Claudio Monteverdi (1567-1643) was probably the most important composer in the transition from Renaissance Polyphony to Baroque.  This beautiful piece from his Vespers composition, Vespro della Beata Vergine (1610), is a musical setting for Psalm 127 (sometimes listed as Psalm 126).  

This particular psalm (printed in full below the music video) has always resonated with me. It is fairly short (four stanzas), but beautifully reminds us of our dependence on God and his providential care.  The psalm opens with the image of house construction: “Unless the LORD builds the house, those who build it labor in vain.”  (Ps 127:1)  The psalmist then presents a series of images illustrating how useless our efforts are without God’s help:

Unless the LORD watches over the city,

the watchman stays awake in vain.

It is in vain that you rise up early

and go late to rest,

eating the bread of anxious toil;

for he gives to his beloved sleep. (Ps 127:1-2)
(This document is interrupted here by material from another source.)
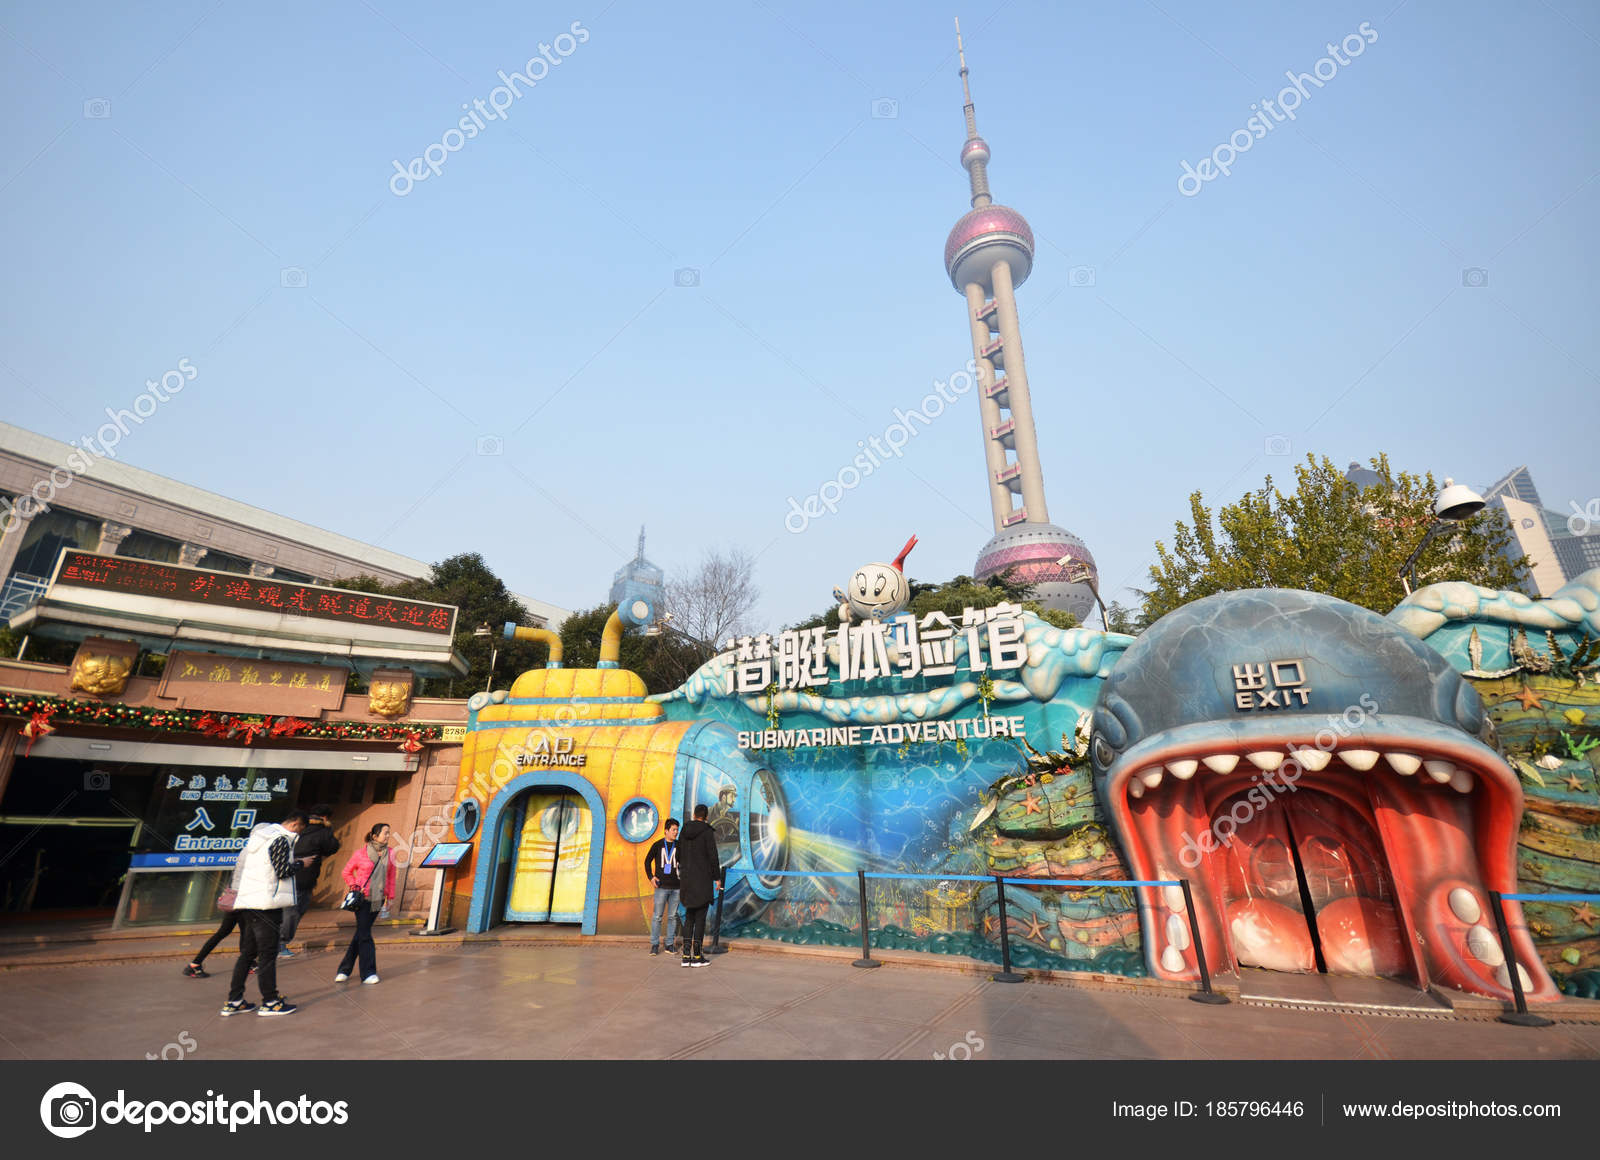 Entrance of Submarine Adventure park in Shanghai – Stock

What an eloquent reminder that it is only through Grace that our efforts bear fruit!

     We see a shift of focus in the last half of Psalm 127: instead of building a house, here we are building our “house”, that is, our family, again only through the Grace of God: “Lo, sons are a heritage from the LORD, the fruit of the womb a reward.” (Ps 127:3)  Here, too, God is the real author; and our children are His Providence in tangible form: both gift and blessing, which is to say their source is God, and that’s a good thing. And not good in only a spiritual sense:

Like arrows in the hand of a warrior

are the sons of one’s youth.

Happy is the man

who has his quiver full of them!

He shall not be put to shame

when he speaks with his enemies in the gate. (Ps 127:5)
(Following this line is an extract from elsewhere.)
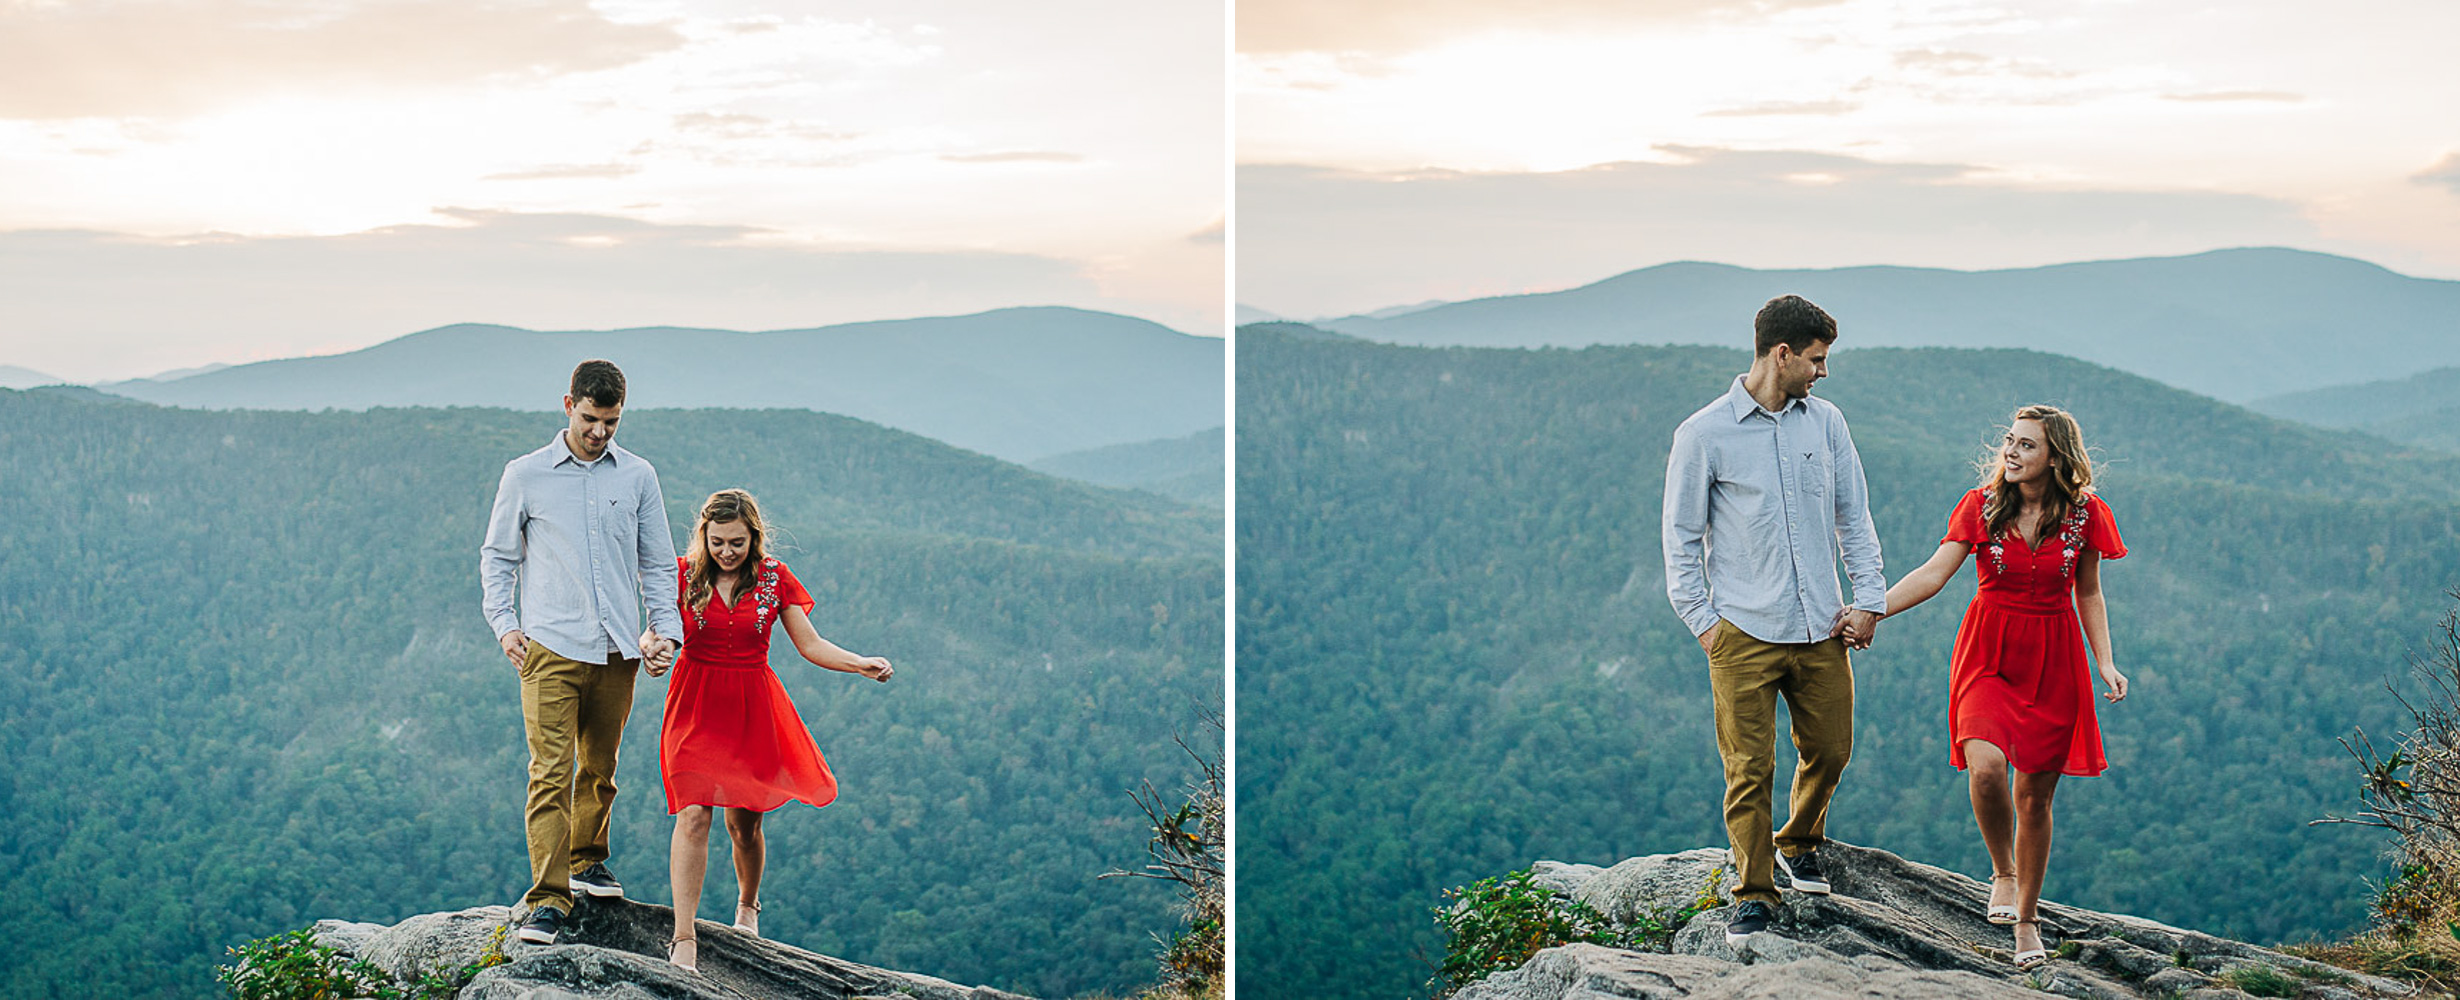 Engagement Portraits 18.jpg

Like arrows in the hand of a warrior are the sons of one’s youth. -Psalm 127:4

You can’t ask for images more down-to-earth than these: our sons are like weapons, they’ll back us up when we face our enemies . . . and all through the generosity of the Lord.

     It will come as no surprise that the idea of our progeny as gift and blessing is not as common as it once was.  More than forty years ago, in his introduction to Pope John Paul I’s Illustrissimi, John Cardinal Wright wrote:

     The present almost pathological lack of joy shows up in every vocation and in every area of life.  There already exist among us people who rejoice as little in the coming of children as once used to do only some of our neo-pagan neighbors.  Among descendents of people who, only yesterday, spoke of the coming of a baby as a “blessed event,” maternity  is no longer thought joyful.
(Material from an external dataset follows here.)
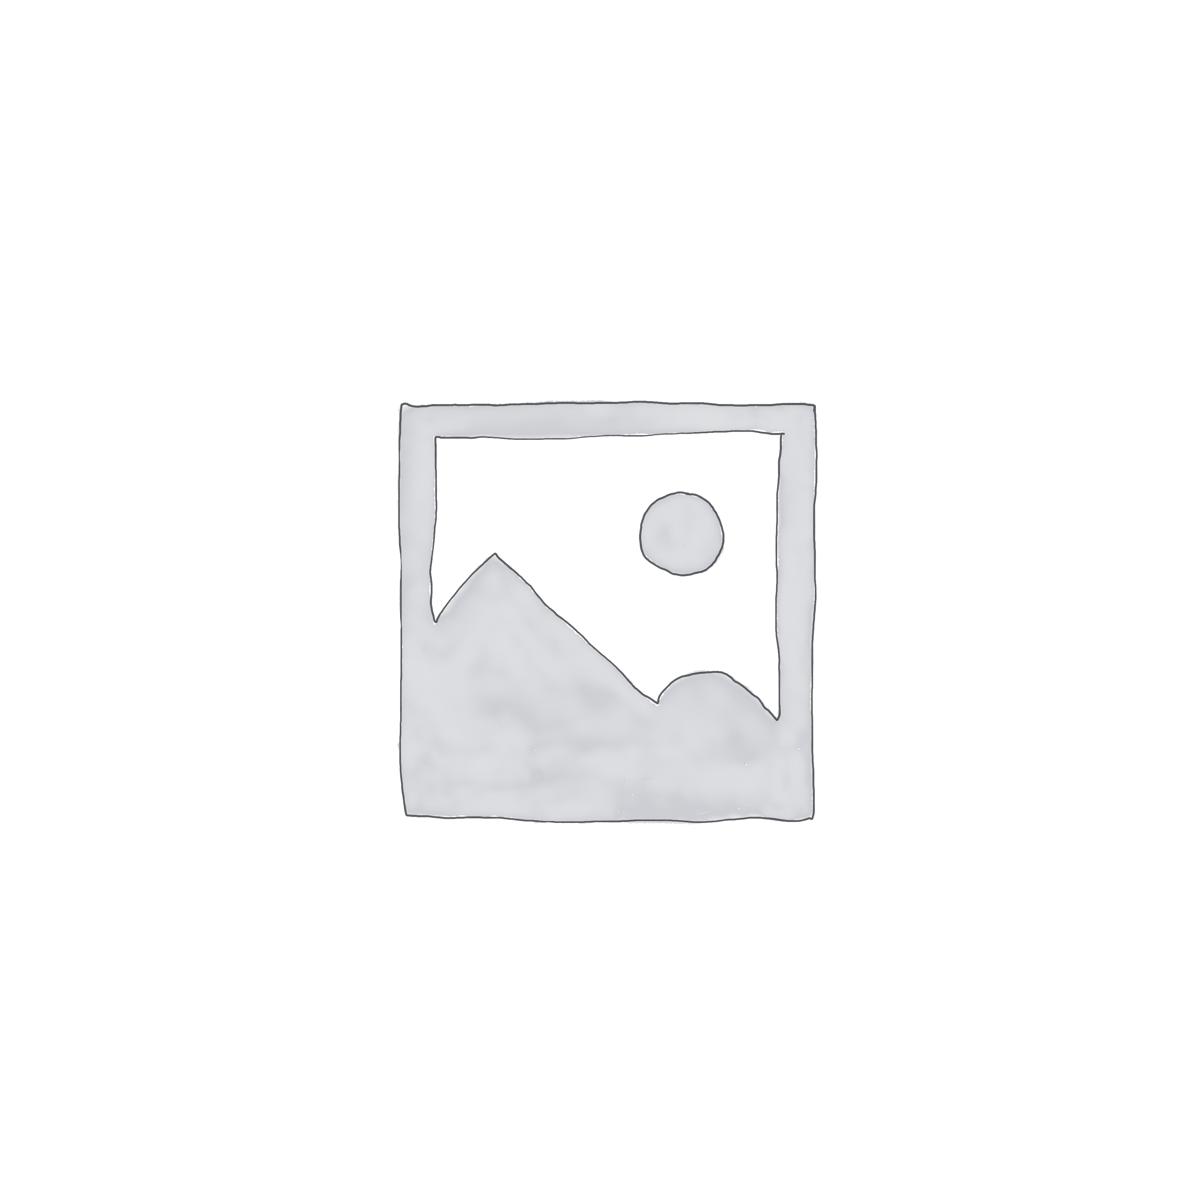 Blue Waves Wallpaper Mural

That train has gone much further down the track since 1979, so that now even a recent President of the United States is on record as having remarked disapprovingly on young women being “punished with a baby”.

     We need to speak out, of course, against this anti-child attitude, the anti-family ethos and what Pope John Paul II called the Culture of Death. But we also need to remember, as Cardinal Wright points out, that our message is at root a message of Joy. Our children, and children in general (sadly, not all who wish to  have their quivers filled in this way are granted that grace) are “a heritage from the LORD,the fruit of the womb a reward.”.  We need to say it often, and live it publicly, and always give thanks to God for building up our house.

The clip below features a perfomance by The Green Mountain Project on January 3, 2013 at the Church of St. Mary the Virgin, New York City.

Featured image top of page: “The Tower of Babel” by Pieter Breugel the Elder, 1563

PSALM 127

Unless the LORD builds the house,

those who build it labor in vain.

Unless the LORD watches over the city,

the watchman stays awake in vain.

It is in vain that you rise up early

and go late to rest,

eating the bread of anxious toil;

for he gives to his beloved sleep.

Lo, sons are a heritage from the LORD,

the fruit of the womb a reward.

Like arrows in the hand of a warrior

are the sons of one’s youth.

Happy is the man

who has his quiver full of them!

He shall not be put to shame when he speaks with his enemies in the gate.